1. [Checking-it-out], also called [poking-your-snout-in]. This is the one that most closely matches local conceptions of curiosity. The feeling you get when you spot an open door that's usually locked; the feeling you might get when contemplating infrastructure usually hidden from view; the impulse to look over someone's shoulder at the book they're reading or the website on their screen.
2. [Limerent-interest], or [falling-in-love-with-the-world]. This is the feeling you might get when starting to develop a new [special-interest]. You want to dive right into this new topic, to learn all you can about it as quickly as possible. You need to know more of it, and ideally as soon as possible. You want to shove your face in it and roll around in it and make it a part of you.
3. [Catching-the-scent] or [digging-up-treasure]. This one rightly belongs in a project's maturity, or towards the point where it begins to bear fruit. You're finally on to something, and you know it, and you need to know more about the way it works or might work so that you can do it better. There is the promise of some kind of gain there - a research result, or an optimized speedrun, or a major profit, or a successfully built [artifact].

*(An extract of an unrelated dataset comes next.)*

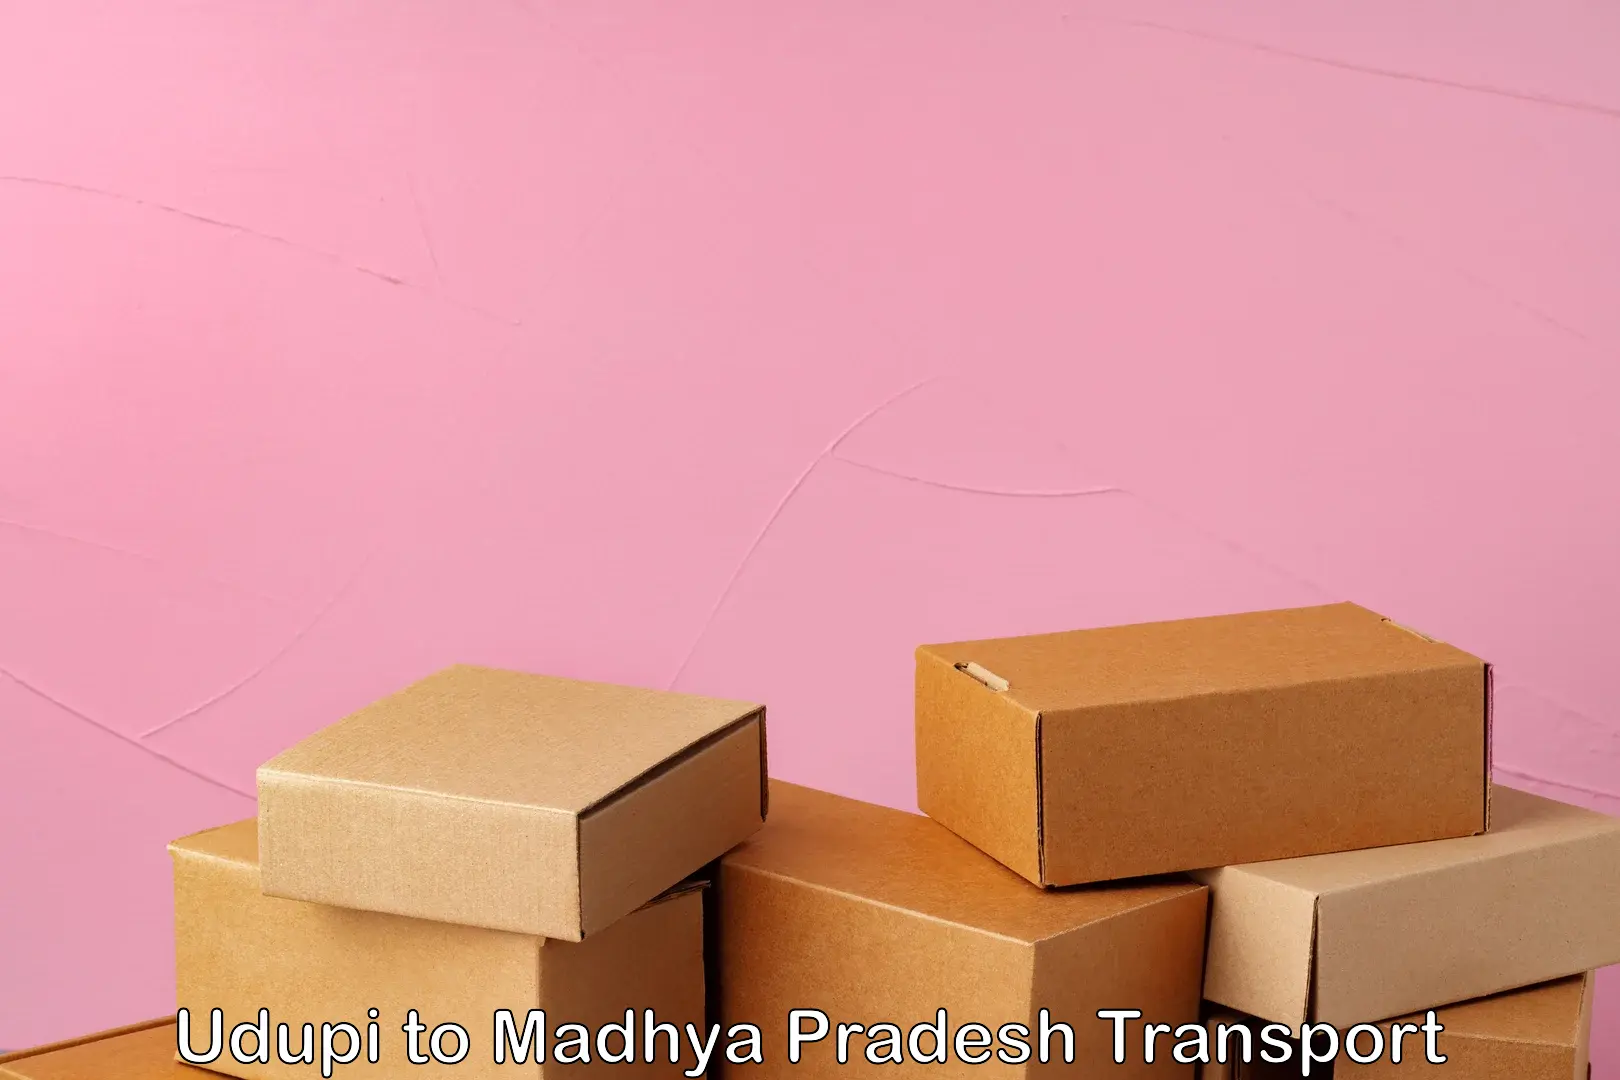 Cargo transportation services Udupi to Jaisinghnagar

4. [Morbid-fascination]. This one is a little weirder. There's something kind of awful - scary or violent or hazardous or disgusting or unfitting - and you can't quite stop yourself from wanting to find out more about it. Maybe you're doing it to try to avoid or defend against it, or maybe you have some kind of interest in it that you can't put a finger on. This one is closely associated with infohazards, and is thus something you're taught to look out for for safety purposes while still in primary school.

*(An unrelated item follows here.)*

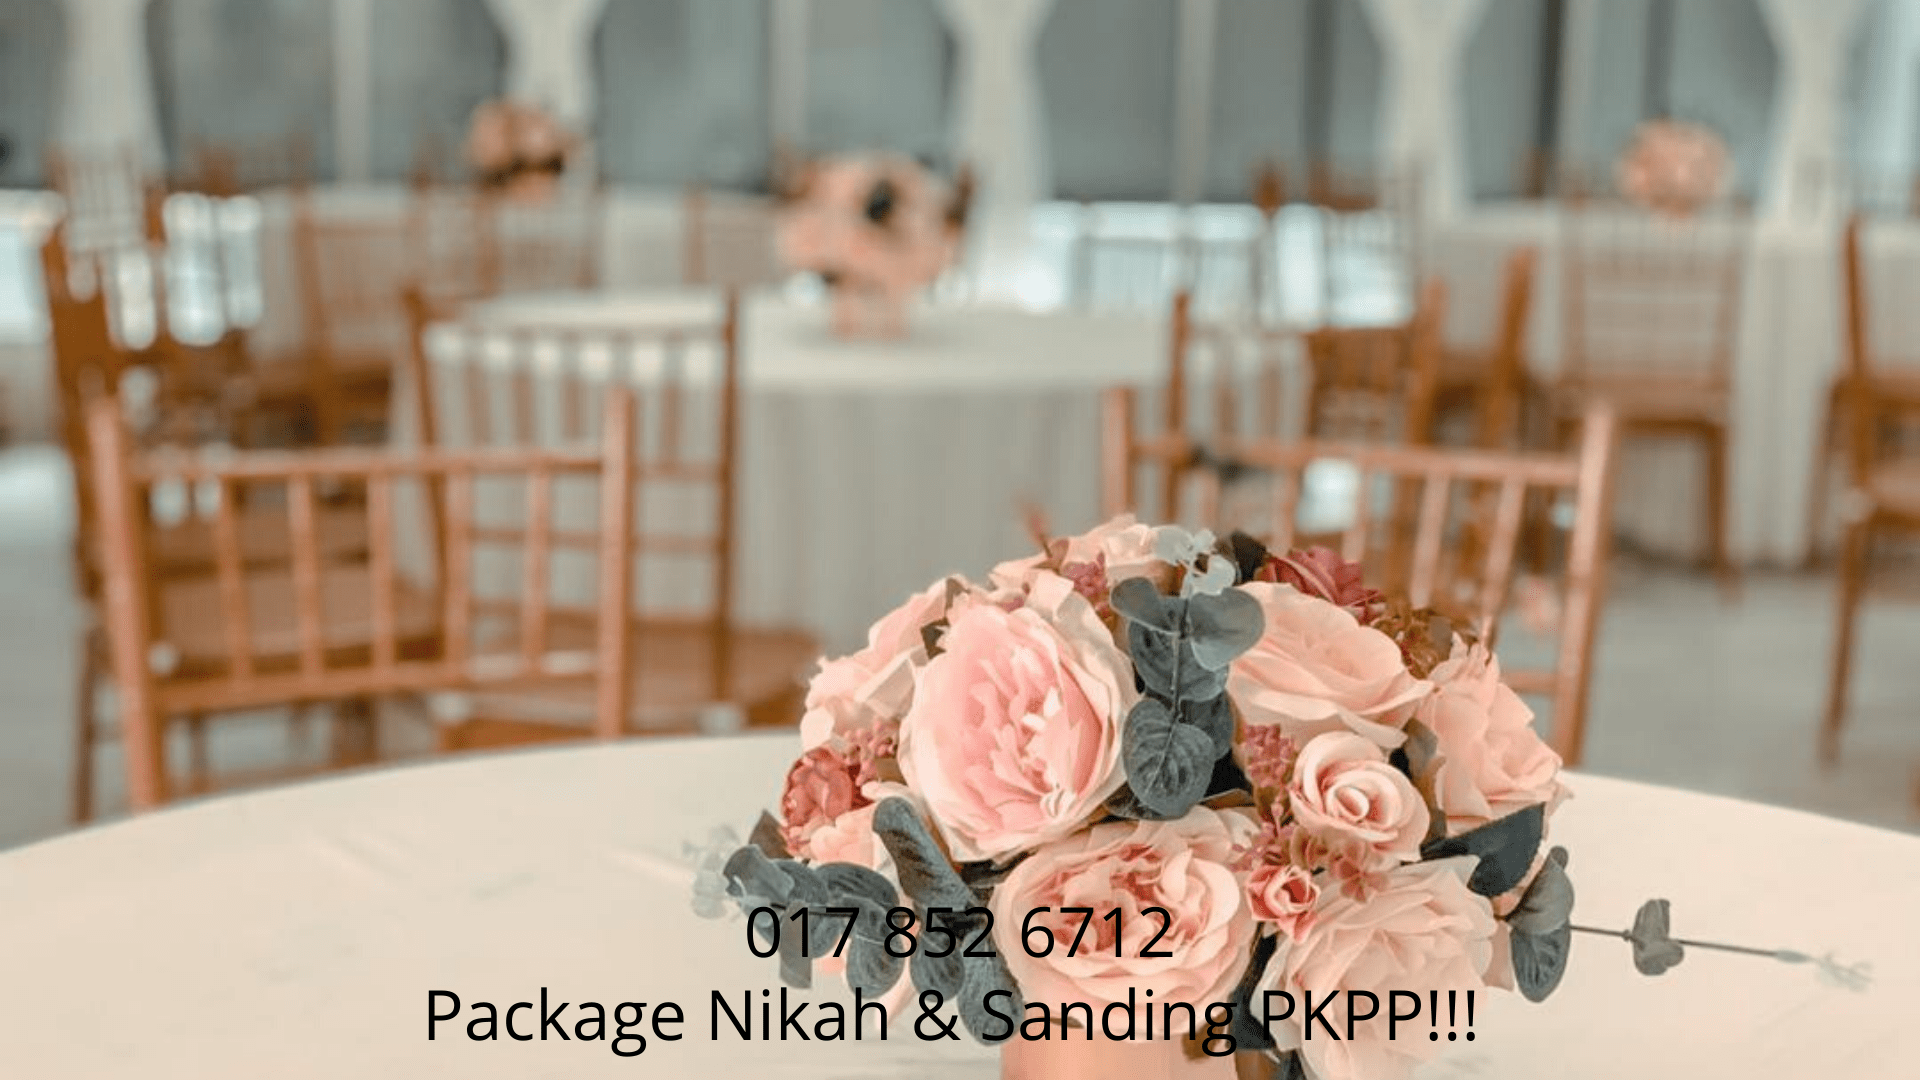 Package-Nikah-&-Sanding-0178526712

5. [Do-or-die]. This one only ever comes out in high-pressure situations - a calm sense that you need to know more about an imminent problem you're facing in order to have any chance of surviving it, or of seeing something through. Something you might feel as a plane begins to nosedive, or as you start rapidly drawing up plans for an evacuation.
6. [Workself-ingestion]. A drab, functional sort of emotion; the strong sense that you don't understand something well enough to serve a promised function within a larger system. You have documentation to read, or surveys to conduct, or mandatory training to do. You may not be especially happy about it or have any particular love for the topic, but it's the proper and expected thing to do to go learn more, and you do still want to know about it.
7. [Trailrunning]. Maybe closer to curiosity about your own past. You have a craving to refresh your memories of something that you once knew far better. You still have all the intuitions laid down, so it's more like loping along a trail than hacking your way through brush, more like strolling than exploring, but you've forgotten some of what you once knew and maybe even feel a little bit bad about that.
Hopefully it's clear that emotion is fractal and heavily culture-dependent. There are cultures that valorize displays of anger, and others that forbid it. There are cultures where grieving is exepcted to be done only in private, and others where it must be done publicly, and yet others where public displays of laughter and good cheer are expected. It should thus be no surprise that yet another human-comprehensible culture has a different classification for emotions, emphasizing some feelings and overly simplifying others.